▶ **The problem**:
The answer is the full listing below, copied exactly, with its pictures omitted.

▶ **Provided data**:
........

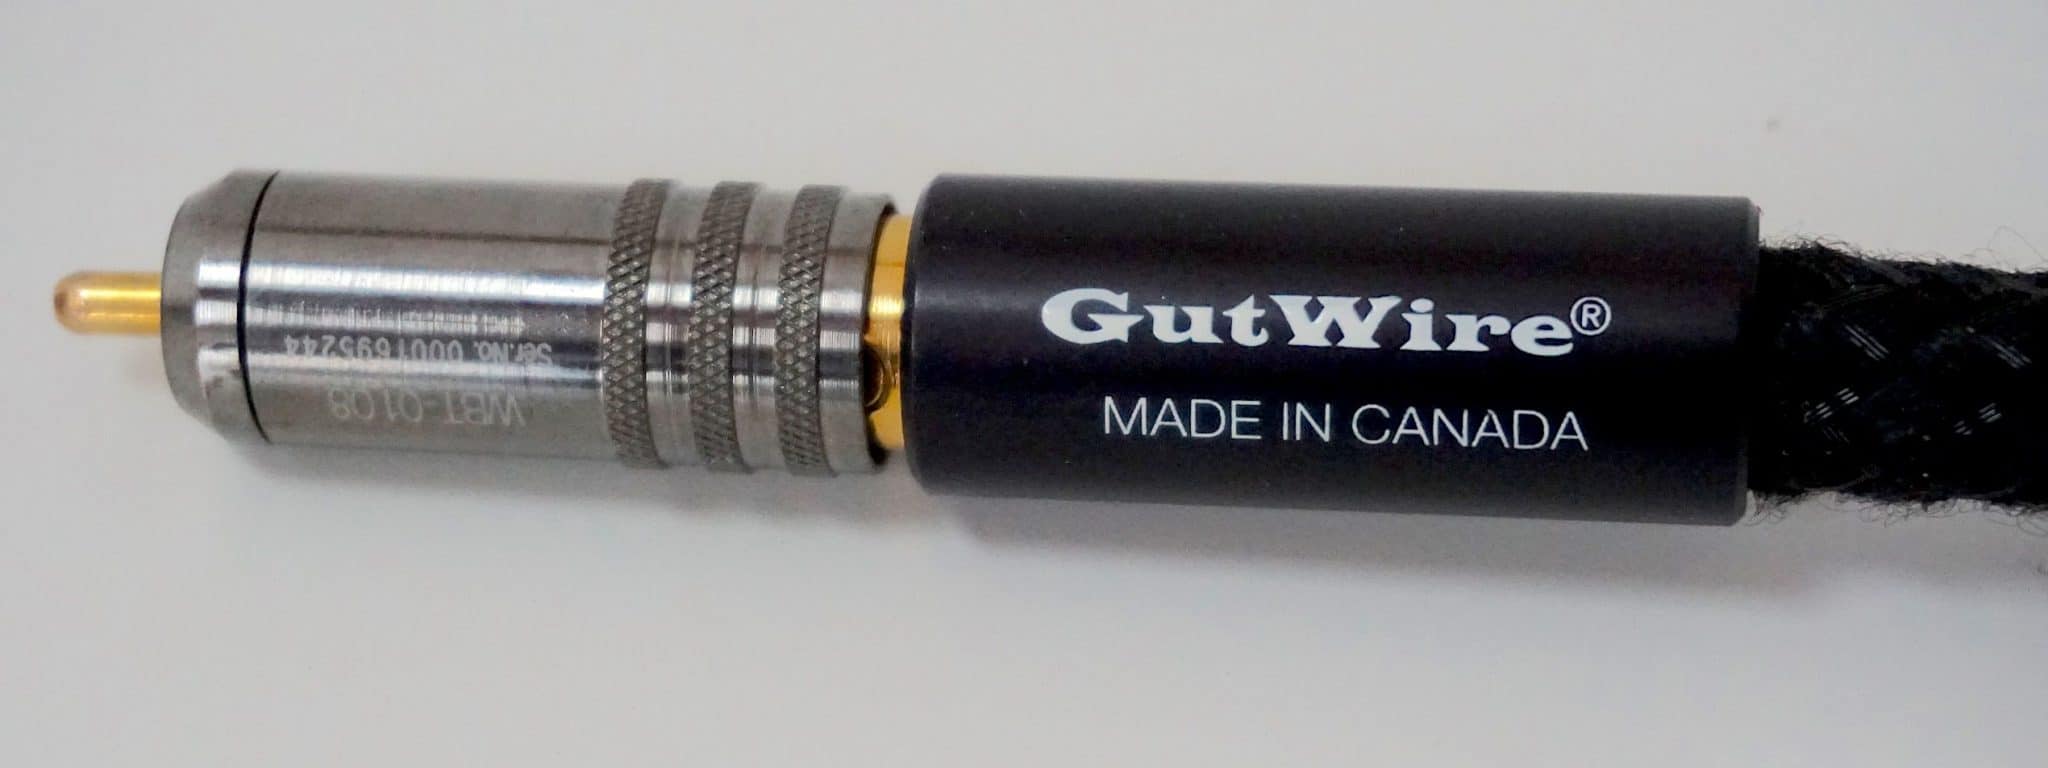 Consummate Ground cable from Gutwire
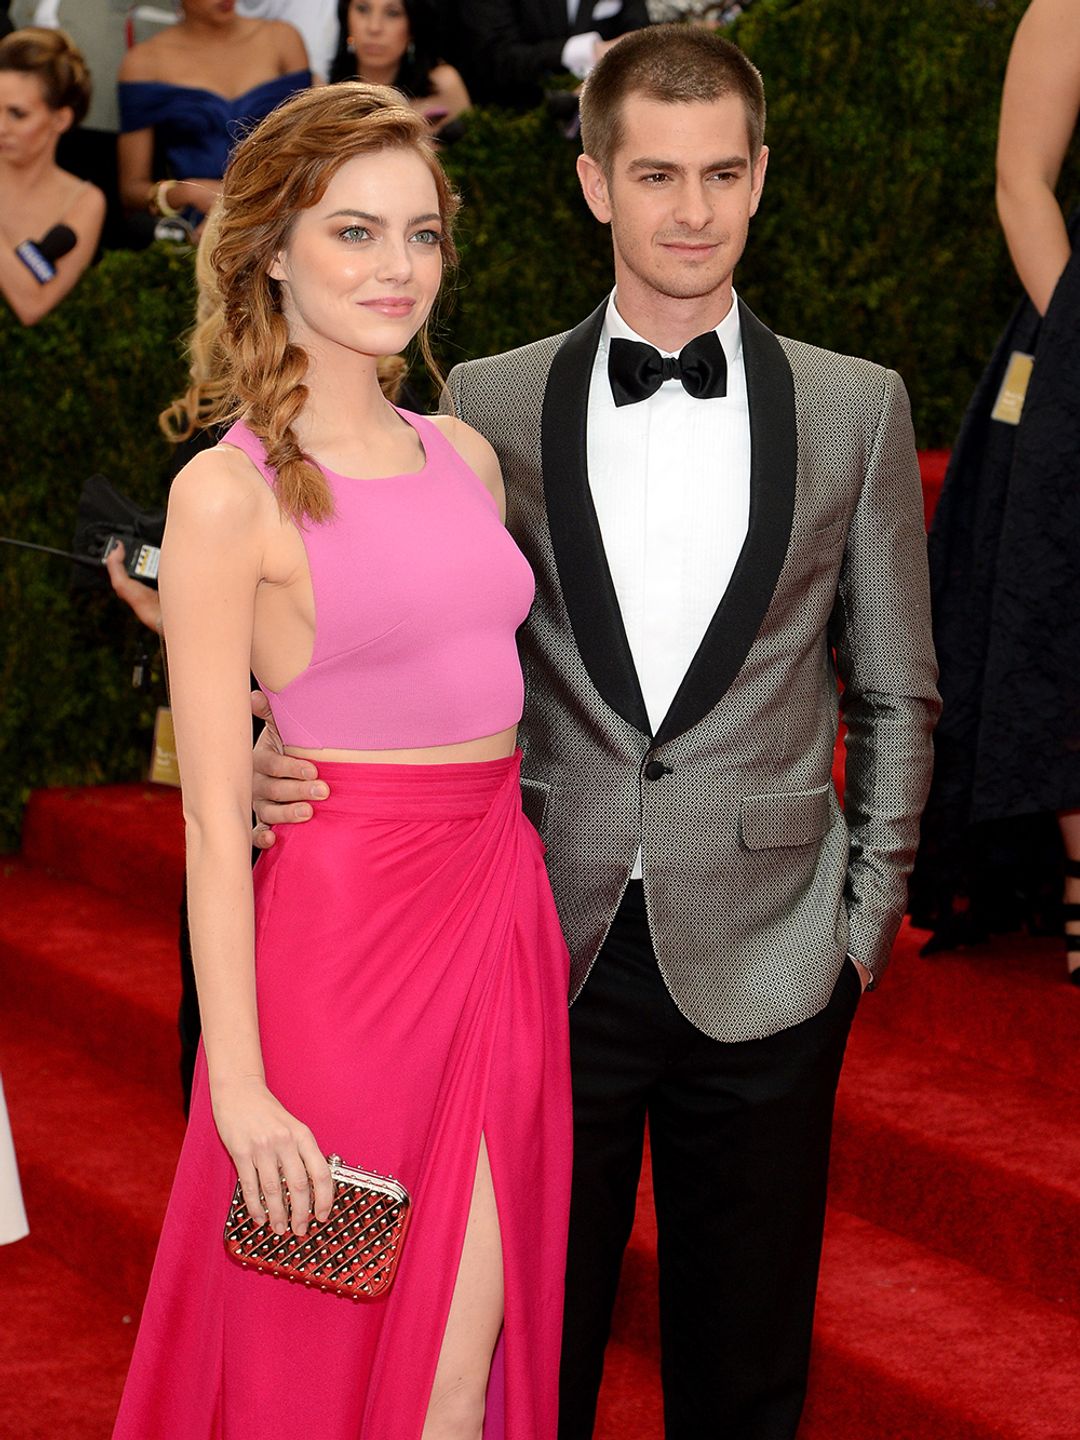 Emma Stone and Andrew Garfield walking the red carpet together
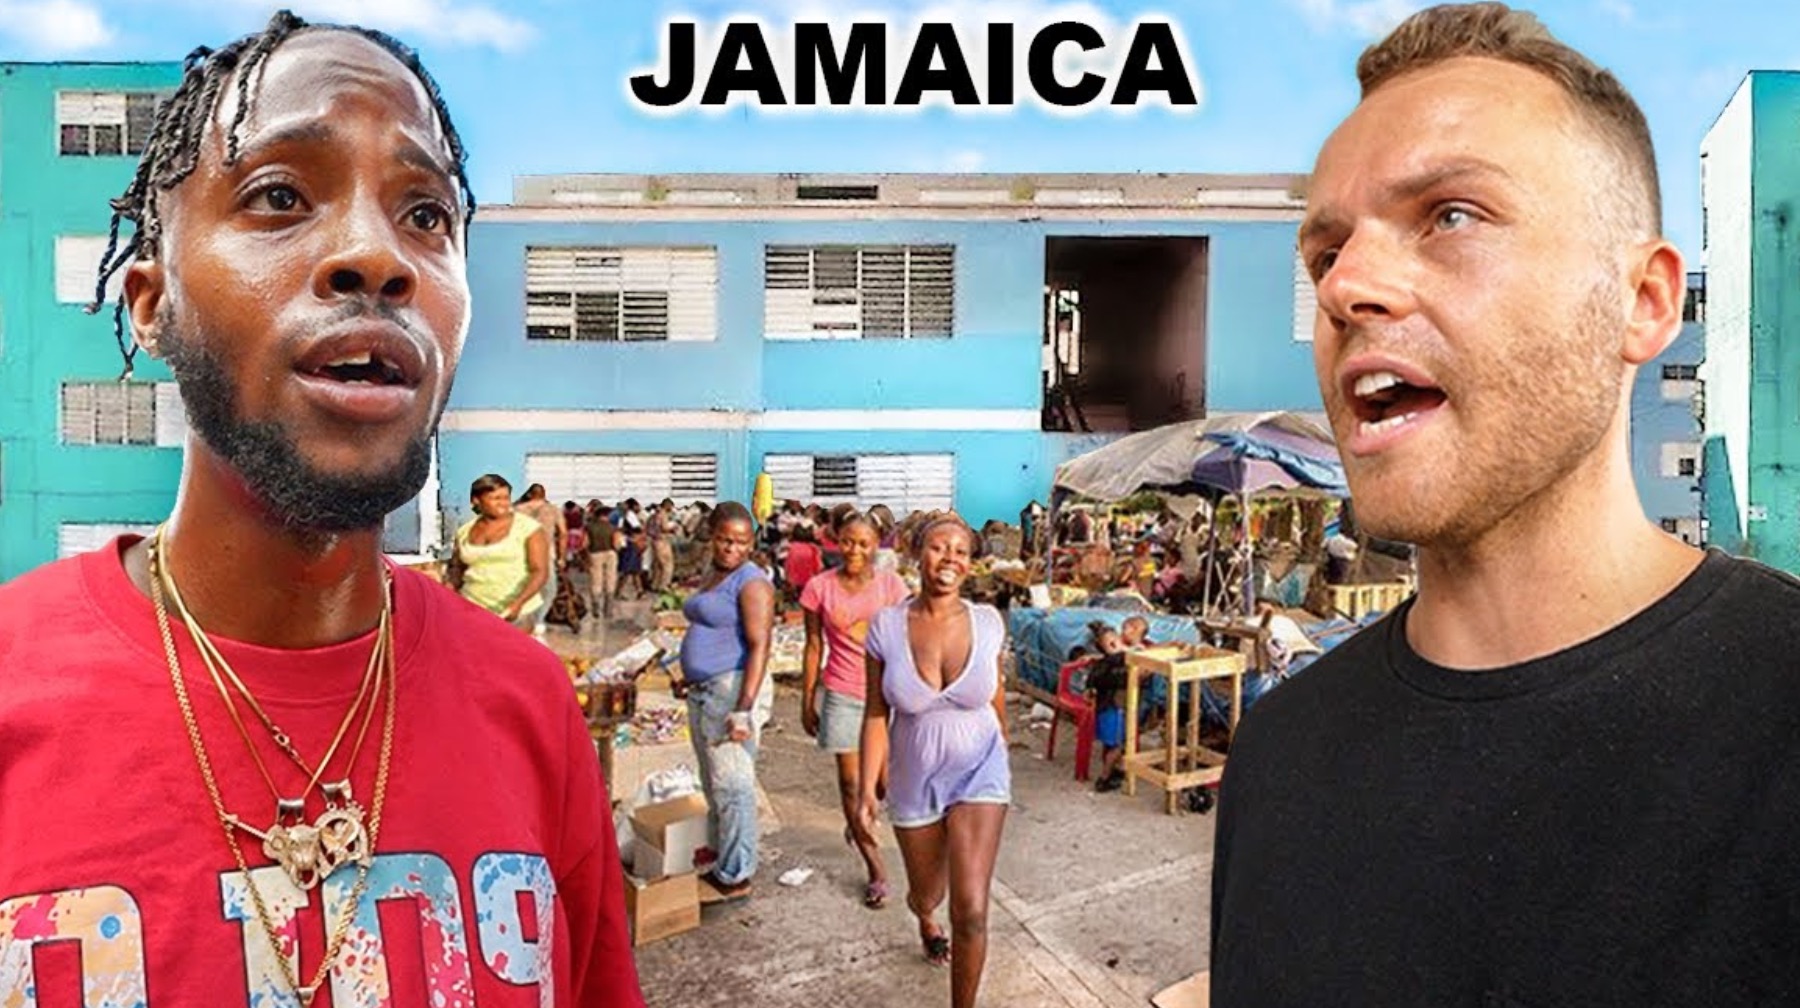 Documentary Shows Inside Look Into The Two Sides Of Kingston, Jamaica - Watch Video
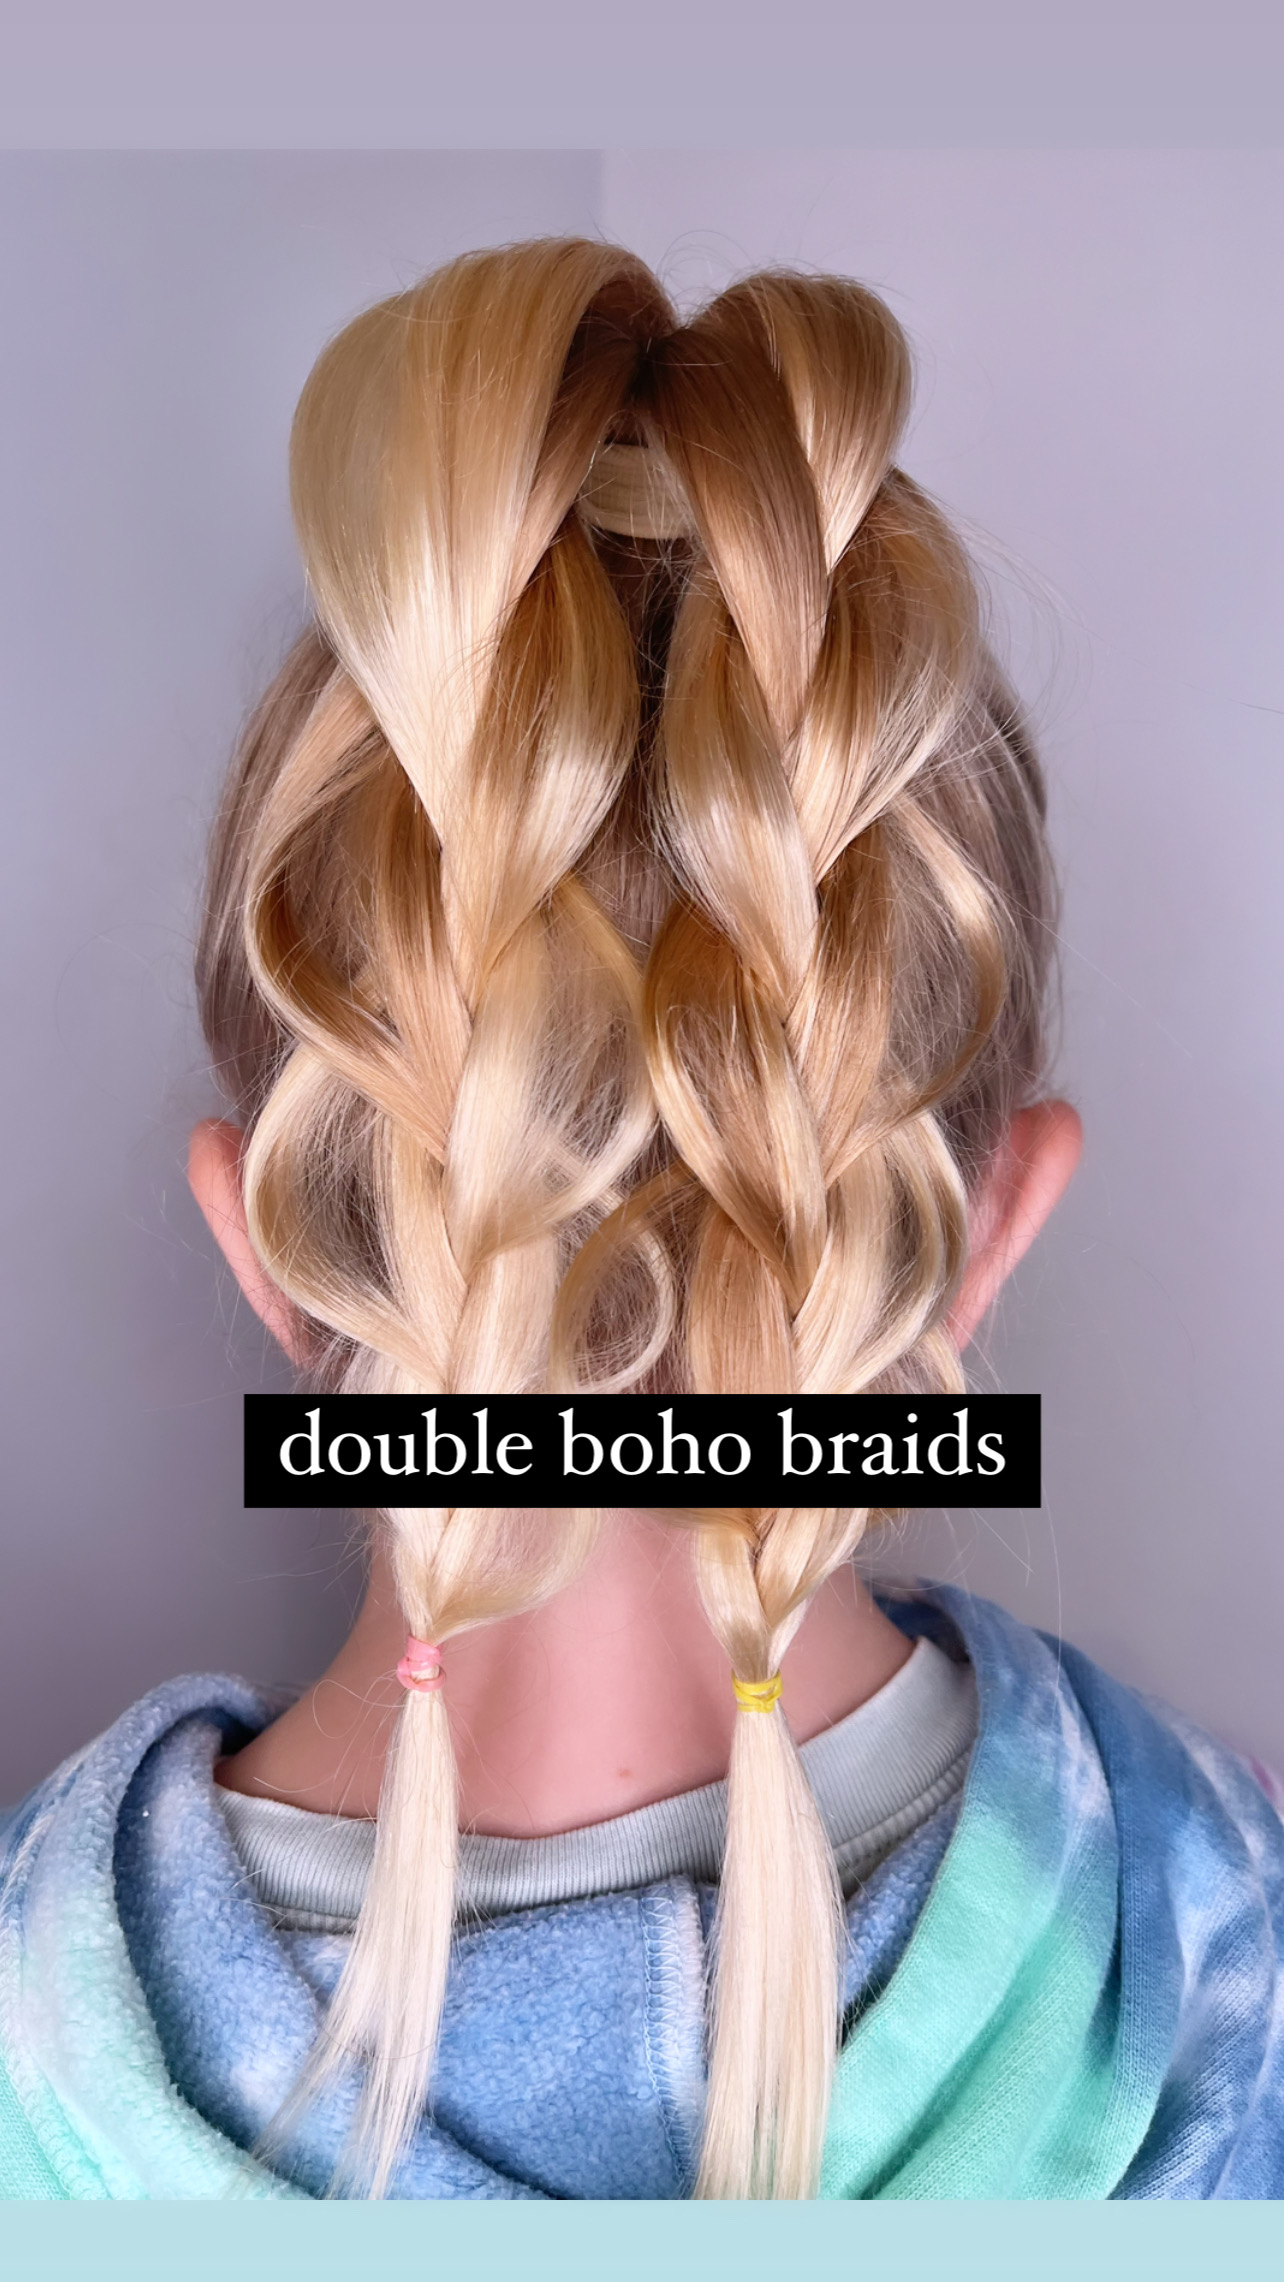 Only Have Two Minutes 7 Quick and Easy Hairstyles Every Girl Will Love ...

........

▶ **Worked solution**:
 Consummate Ground cable from Gutwire
 Emma Stone and Andrew Garfield walking the red carpet together
 Documentary Shows Inside Look Into The Two Sides Of Kingston, Jamaica - Watch Video
 Only Have Two Minutes 7 Quick and Easy Hairstyles Every Girl Will Love ...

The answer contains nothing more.